As a basement waterproofing and mold removal company here in The Bay Area, we’re often called to basement leaks where we find mold infestation behind the sheet rock walls, embedded in the insulation behind it.
So how do you properly insulate a basement?
That’s a question that begs another question. The second one is “what are you going to use your basement for?” If it’s general storage ( I’m assuming it’s already waterproofed) you may be able to get away with wall-bag insulation (generally not recommended) that reaches at least two feet below ground level.
One thing you need to make sure of is that your basement is waterproofed and water is not going to seep through your foundations and ruin your finished walls once they are installed. If you currently have water or damp issues in your basement, these need to be addressed before finishing your basement.
In certain cases, like having no access to the exterior of the foundation to repair the water leaks, an interior weeping tile system can be installed to remove water as it enters your basement, keeping your finished walls and basement dry.
However, if you’re planning a basement that’ll be used as living space, then you’re going to need to fully insulate the walls and floor. If it this was previously done inadequately, you might have to throw everything away and start afresh. In the end, it’s your choice how far to go.
In this regard, it’s relevant to mention a general tendency to tighten building regulations. We find it remarkable that some homeowners go to great expense when it comes to finishing the upstairs living spaces, yet skimp on basement basics, especially when a moldy basement can lead to extensive repairs and the loss of quality living space in the home.
Essential Principles
- You need insulation that works all year round to keep your basement warm in winter, and humidity-free during summer months.
- Ground temperature drops as you go deeper underground. When different wall-temperatures mingle, you get condensation that encourages mold.

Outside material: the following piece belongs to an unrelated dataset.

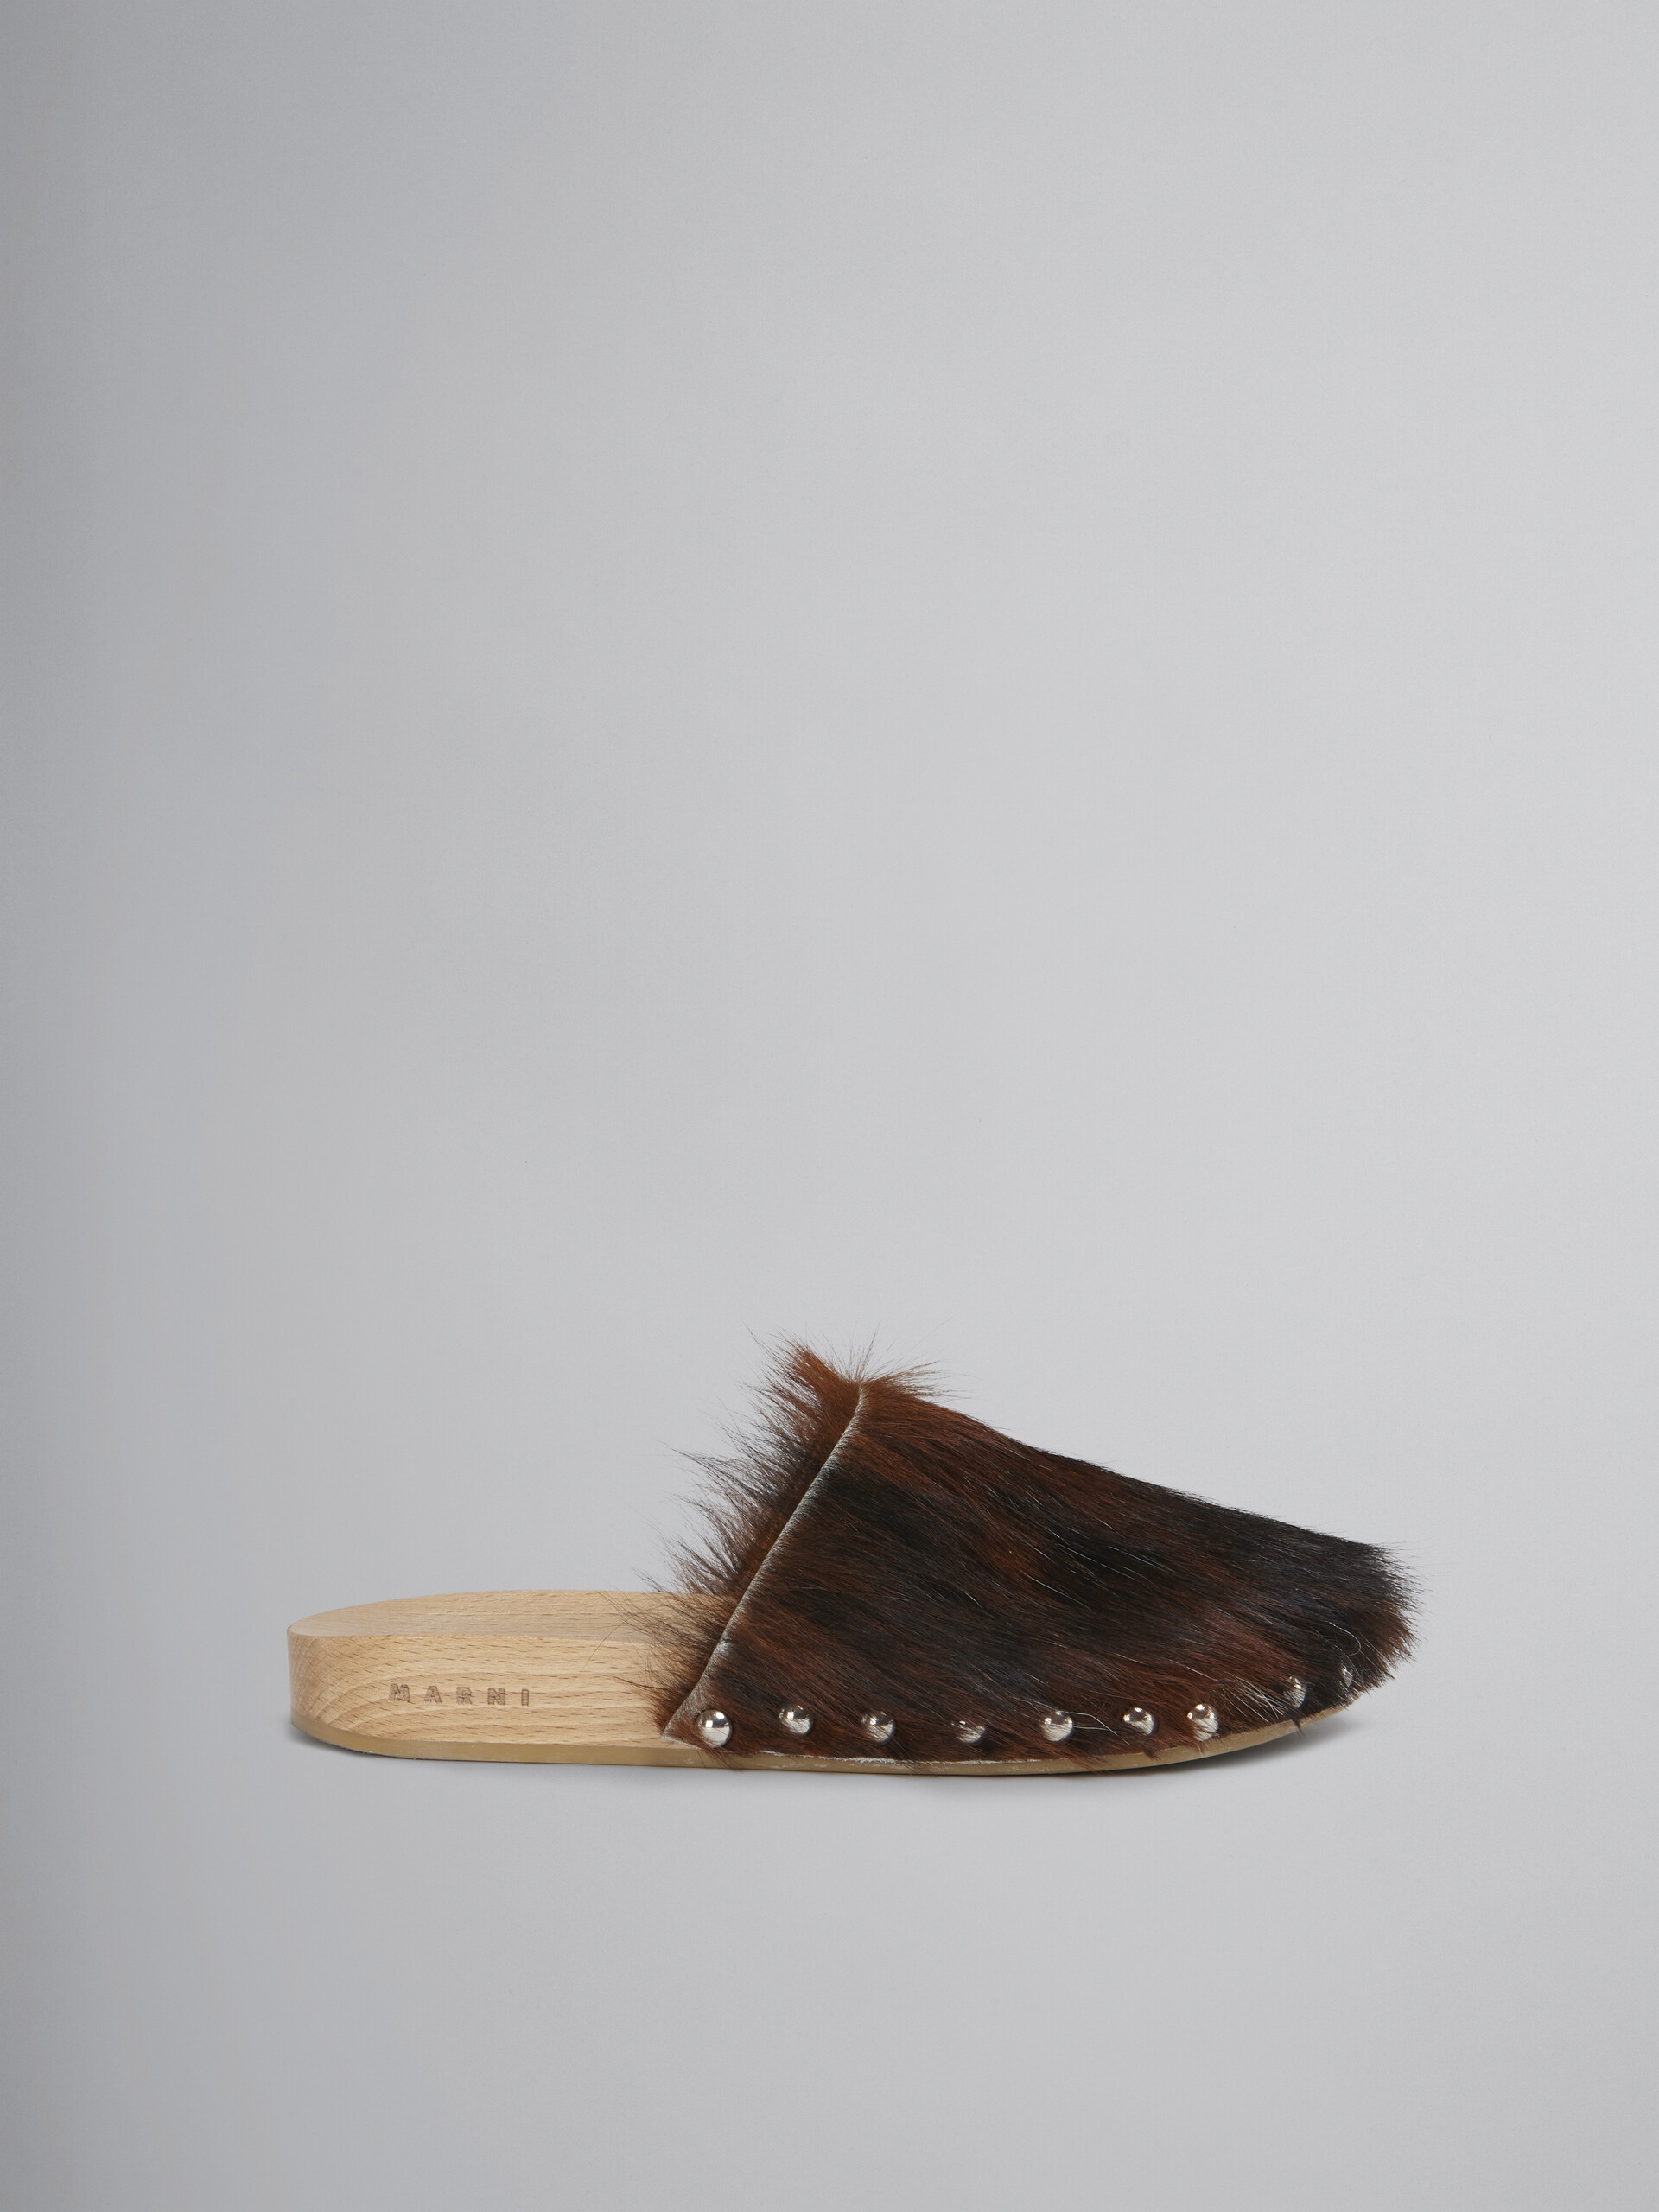 Spotted long calf hair wood sabot - Clogs - Image 1
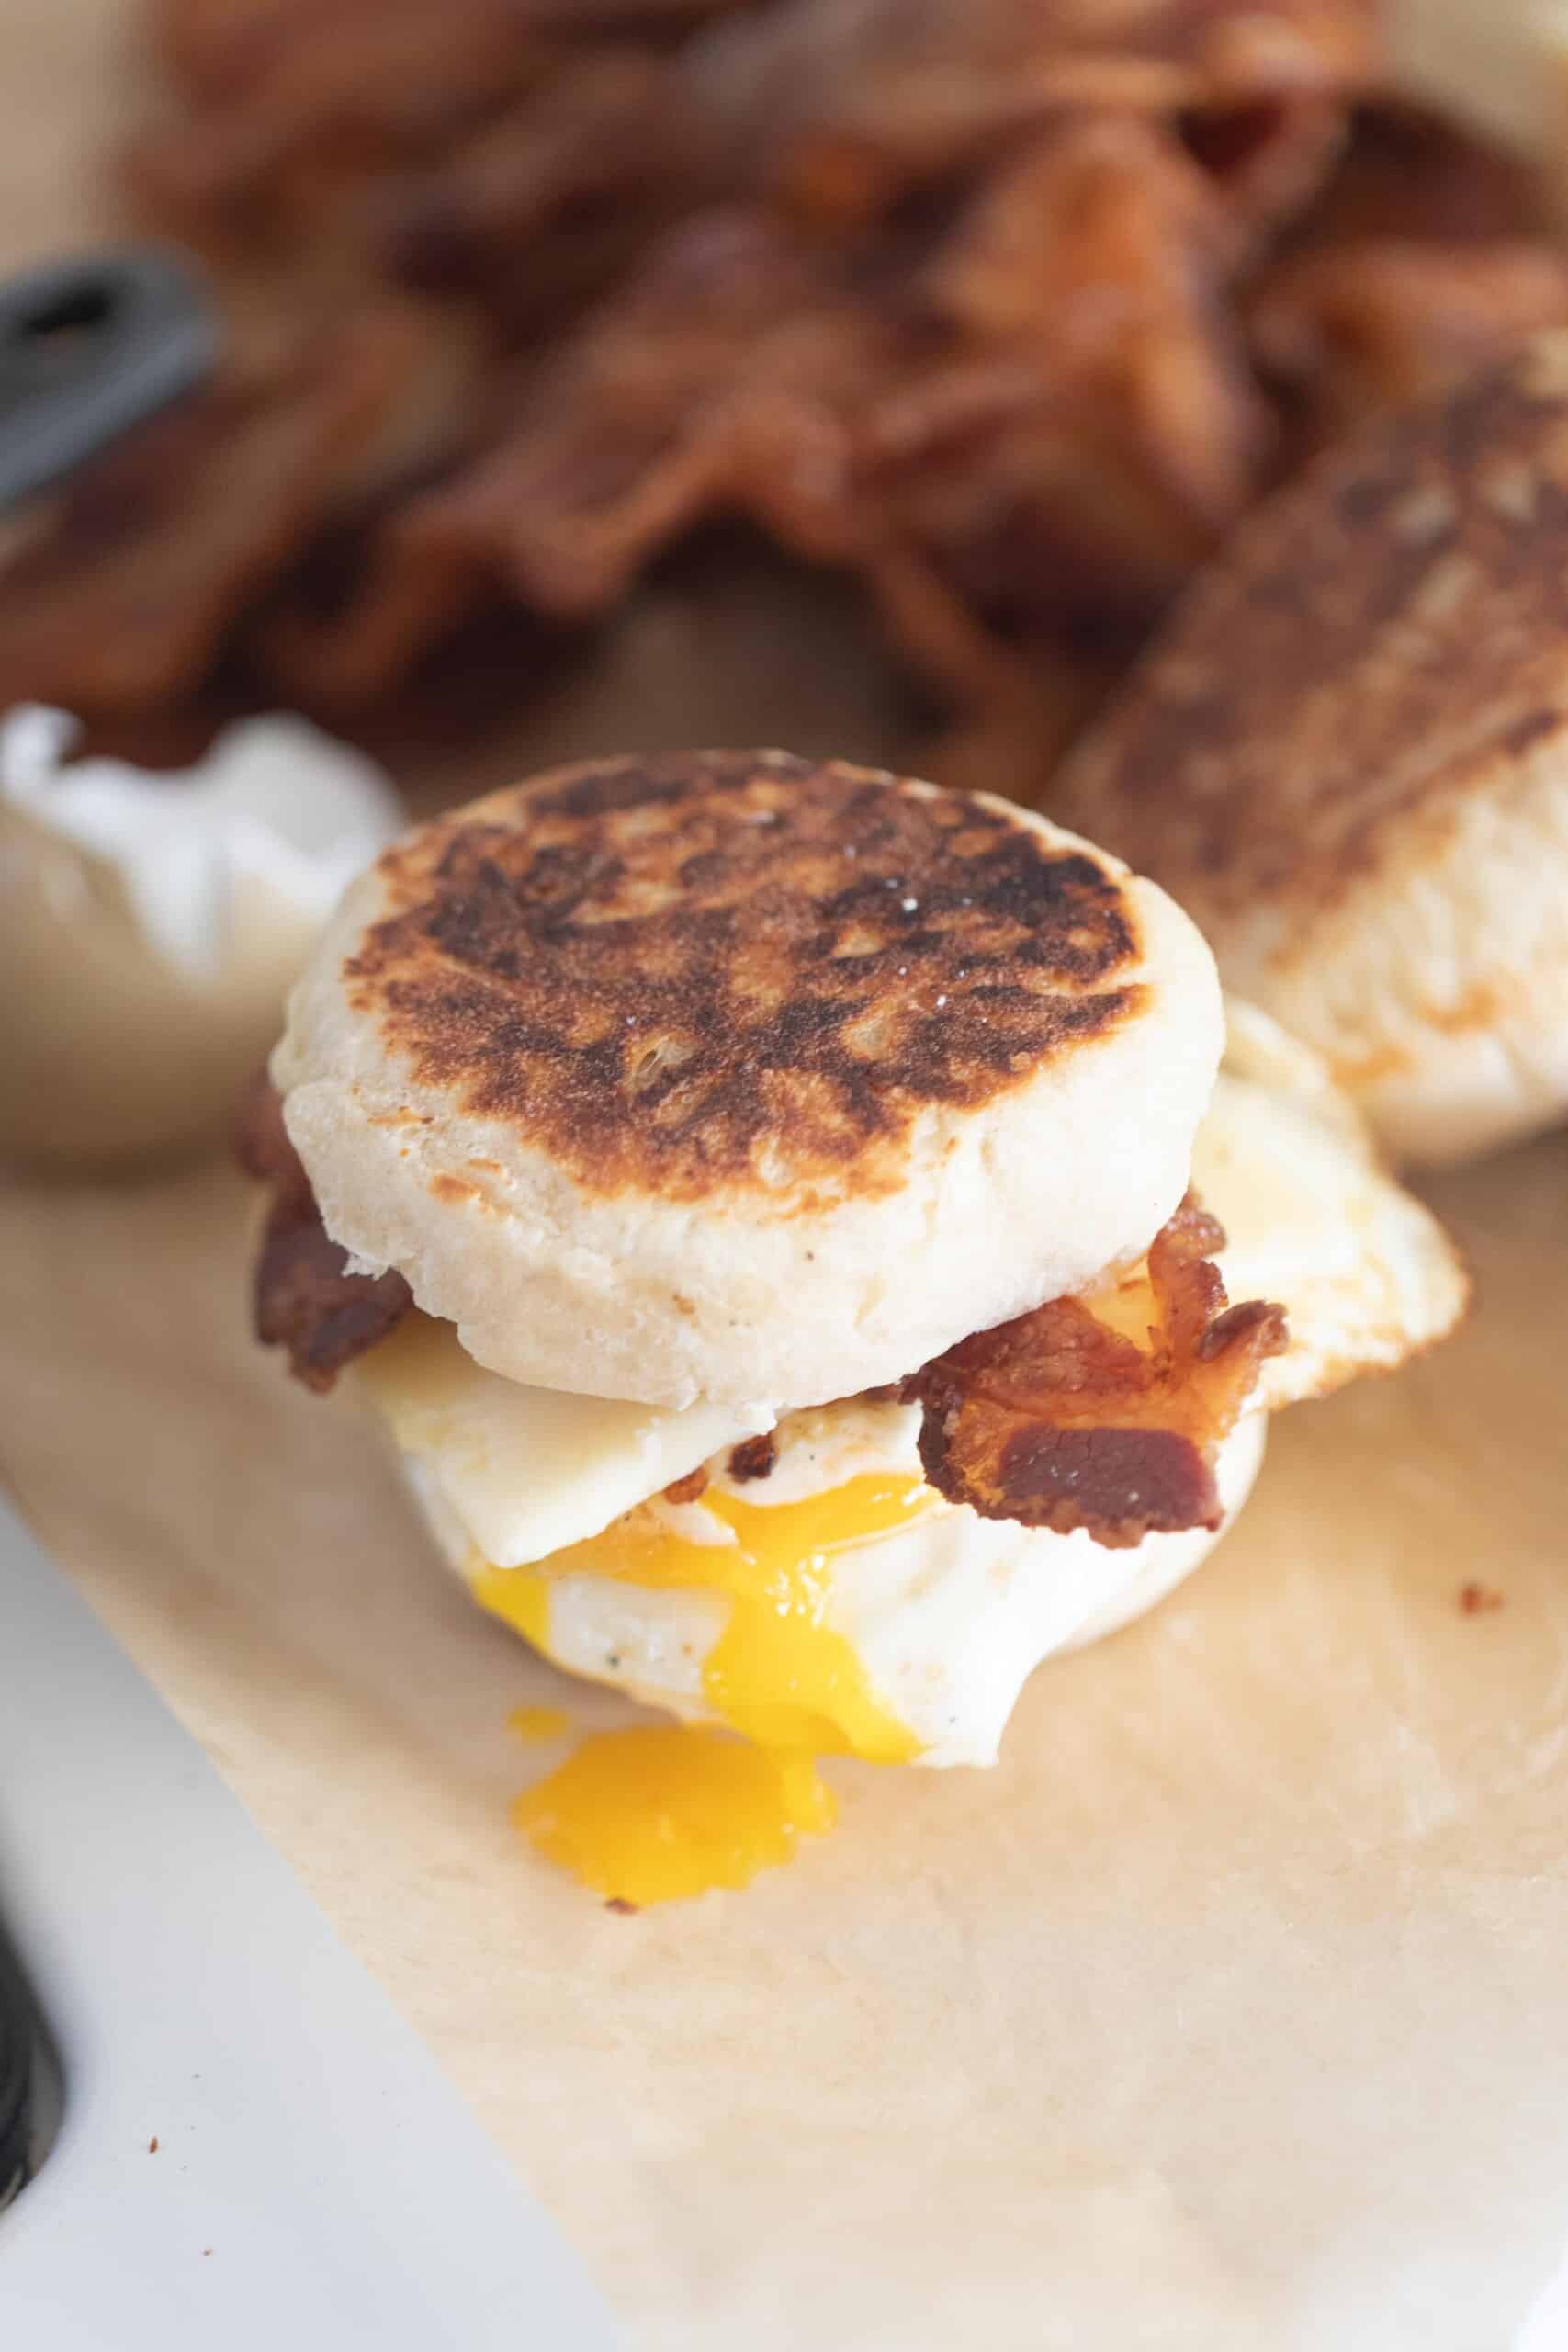 sourdough breakfast sandwich made with English muffins, crispy bacon, sharp cheddar cheese, and an over easy egg with the yolk that has broken and running down the sandwich. The sandwich sits on parchment paper with more ingredients in the background

- Insulated panels between battens covered by a vapour barrier work great above ground where the outside temperature is consistent.
- However in this instance they don’t have to counter a variety of different temperatures that combine to cause humidity and mold below ground.
The Correct Way to Insulate
We believe in doing things the correct way, and right from the beginning. You should install rigid foam insulation that comes ship-lapped, so there are no butt-joints that admit air that mingles with the inside temperature. The correct thickness is one inch on the floor, and two inches on the walls.
It’s equally important to glue the panels directly to walls and floors with the correct foam-rated adhesive, so they are not damaged during installation. Joints must be taped over, and the slightest gaps at edges filled with spray foam.
Once your basement is comprehensively insulated, you can go ahead and install studs for your decorative paneling If you believe in belts-and-braces, you could add mold-resistant drywall.
How This Works
Rigid foam creates a thermal break that’s impenetrable. You’ll find the same material in those handy coolers that keep your cans chilled without dripping condensation. Toilet tanks lined with rigid foam follow the same principles.
When you apply this approach to your basement insulation, you create a similar barrier. In winter the room stays warm. In summer there’s no humidity, or mold caused by the different temperature outside.
The extra price you pay up-front for this should provide a healthier environment for many years to come, and allow you to enjoy the extra living space that a dry and mold free basement provides.